Since the Disney Skyliner opened, guests have received tantalizing glimpses of what’s in store at the attraction. And they’re hungry for more.
This aspect leads to the second reason why Disney should open Ratatouille this year. That’s the timeframe that park officials had announced.
Delaying the opening date could cause a black eye for the company at a time when Disney needs all the positive media attention it can get.
Given those two reasons, opening Ratatouille this year seems like a slam dunk, right? Not so fast…
Reasons to Delay Ratatouille
As MickeyBlog has reported, Walt Disney World will open with capacity limitations. Those limits could be as low as 15,000 daily guests per park.
The most recent admission data we have comes from 2018. At the time, Disney’s Hollywood Studios was the least trafficked of Disney’s four Orlando theme parks.
Hollywood Studios averaged more than 30,000 daily visits that year. And that’s the lowest average admission total at Walt Disney World!
So, 15,000 would be an almost draconian limitation on park traffic. However, it’s a necessary one during the earliest days of the pandemic.
When Disney reopens the parks, parts of it will work backward. The management team won’t want massive crowds. That could cause social distancing issues.
Instead, park officials would prefer a low-key return that allows for accurate testing of the newly implemented safety protocols.
By all accounts, Ratatouille was only weeks away from debuting when COVID-19 swept across the country. It’ll be ready soon after Walt Disney World reopens.
Since Ratatouille is the proverbial E-ticket ride, it’ll drive more people to visit EPCOT. That’s the entire point of building an attraction like this.
Popular attractions sell more tickets while giving guests a reason to spend more time at the park.
When Ratatouille arrives, its lines would have been massive anyway. With social distancing line markers in place, the lines could spread beyond the France pavilion.
Disney may utilize virtual queuing for the attraction to negate that issue, but you get the point.
Driving attendance isn’t a short-term positive at the moment. Disney will sell out all its allotted tickets each day due to the small capacity limits.
EPCOT doesn’t need anything else to boost attendance.
What Should Disney Do?
Therein lies the rub. One source I trust has indicated that Disney may delay Ratatouille the ride until 2021.
In doing so, Disney could trumpet an additional ride opening as part of its 50th-anniversary celebration at Walt Disney World.
Also, delaying Ratatouille would give guests more time to enjoy Mickey & Minnie’s Runaway Railway. That attraction was open for less than two weeks before Walt Disney World closed.

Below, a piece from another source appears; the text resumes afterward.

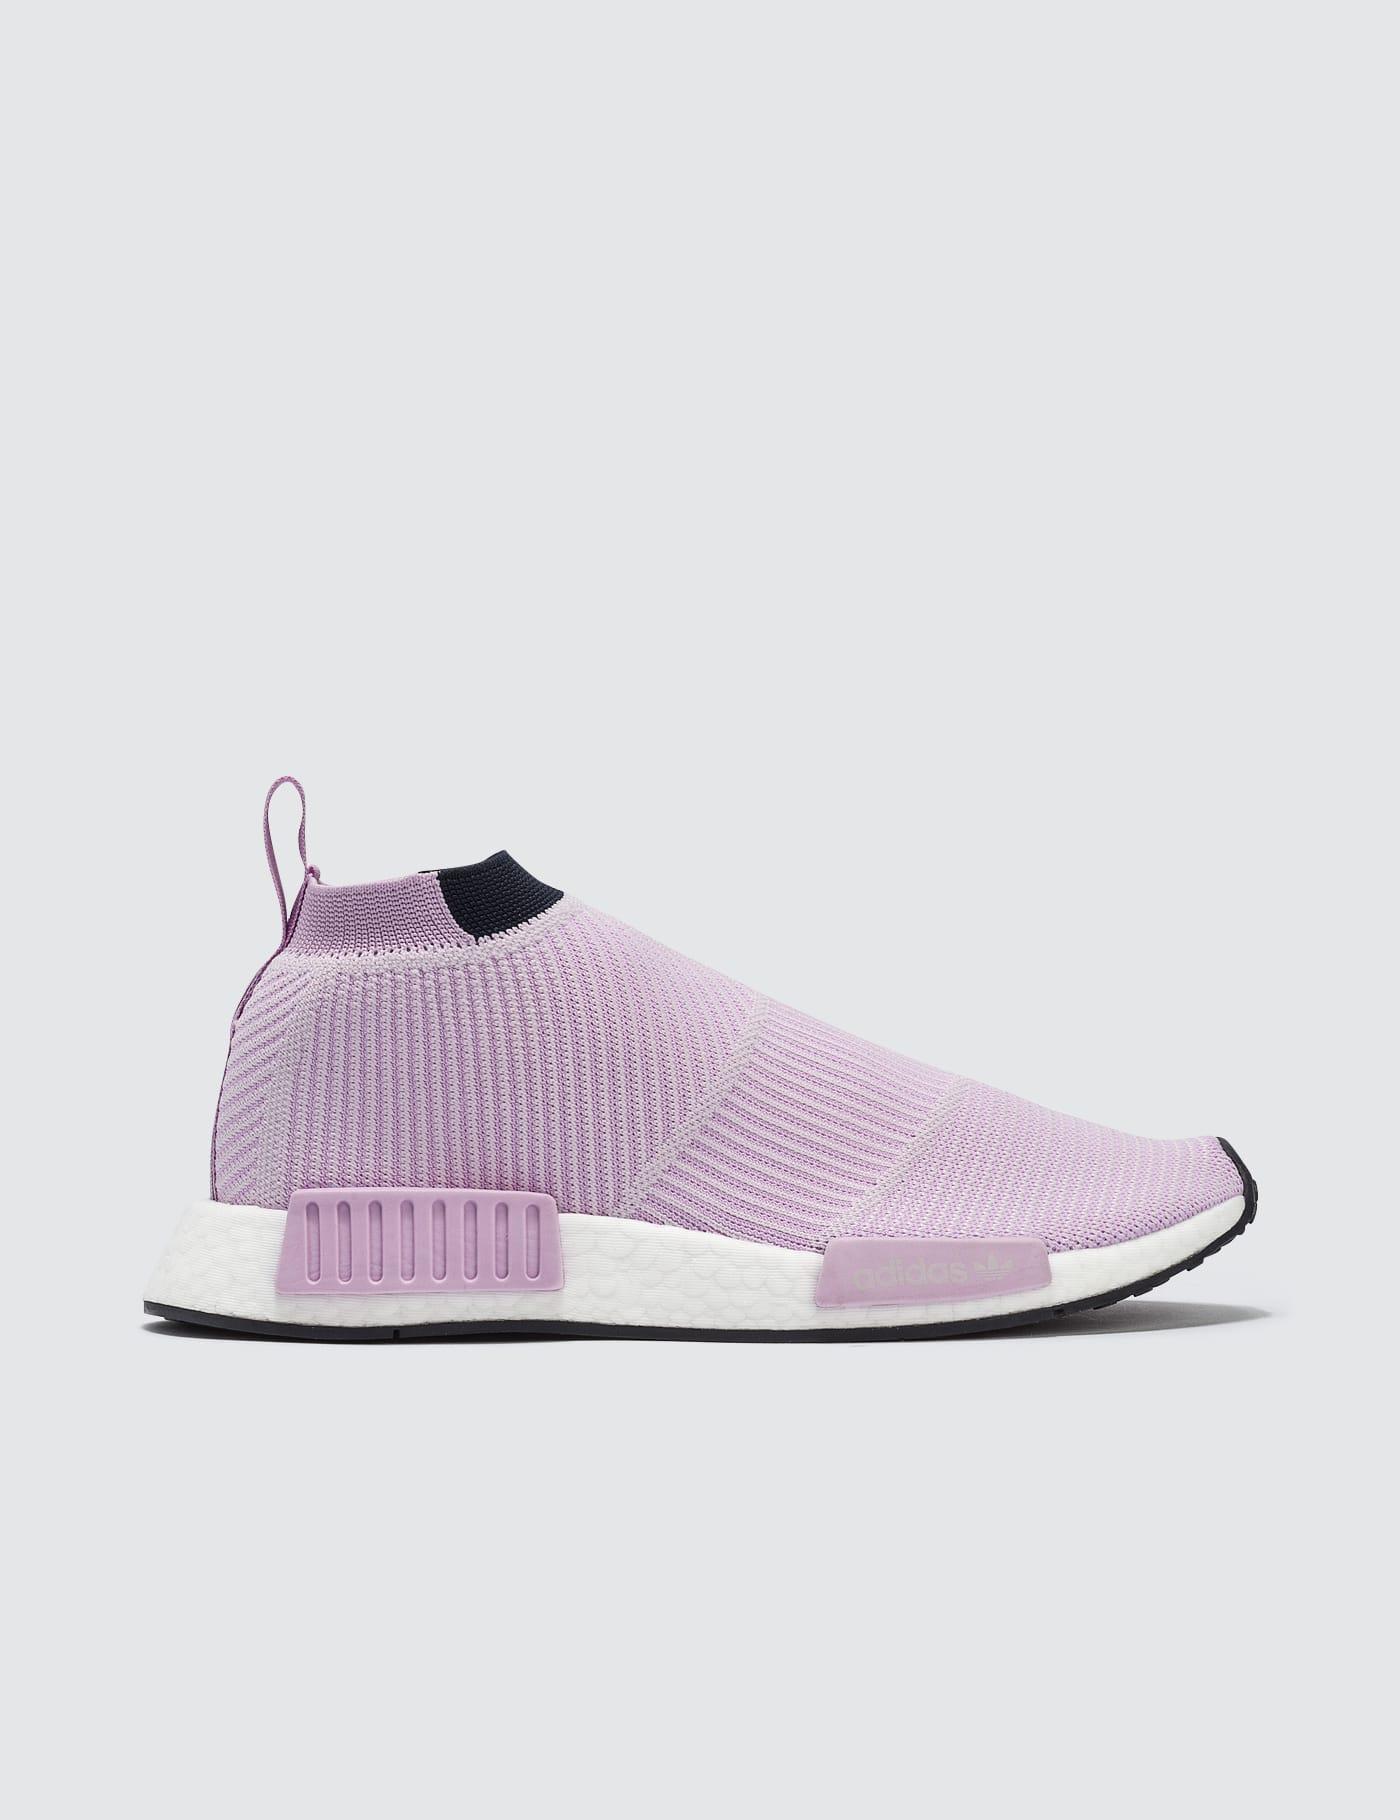 adidas nmd cs1 pink

Disney doesn’t really need a second new attraction so soon afterward. It’s overkill in the current marketplace.
However, one of my favorite Disney writers, Ken Storey at Orlando Weekly, indicates that Ratatouille should still open in 2020.
Based on scheduling and marketing, this decision makes sense, too.
Disney said they would do something. It’s good business for a company to meet its deadlines, especially the publicly announced ones.
Even so, pandemic concerns have at least forced park officials to reconsider.
I’ve gone back and forth on what Disney should do here. In fact, I got feedback from others since I’m so conflicted on the topic.
Most people I asked have agreed that Ratatouille should still debut in 2020. My answer is that Disney should keep all its options open.
If the curve remains flat, EPCOT can host more guests and thereby justify adding an E-ticket attraction.
If Disney remains at limited capacity in the fall, I believe that it should save Ratatouille until next year.
There’s just not an easy answer here.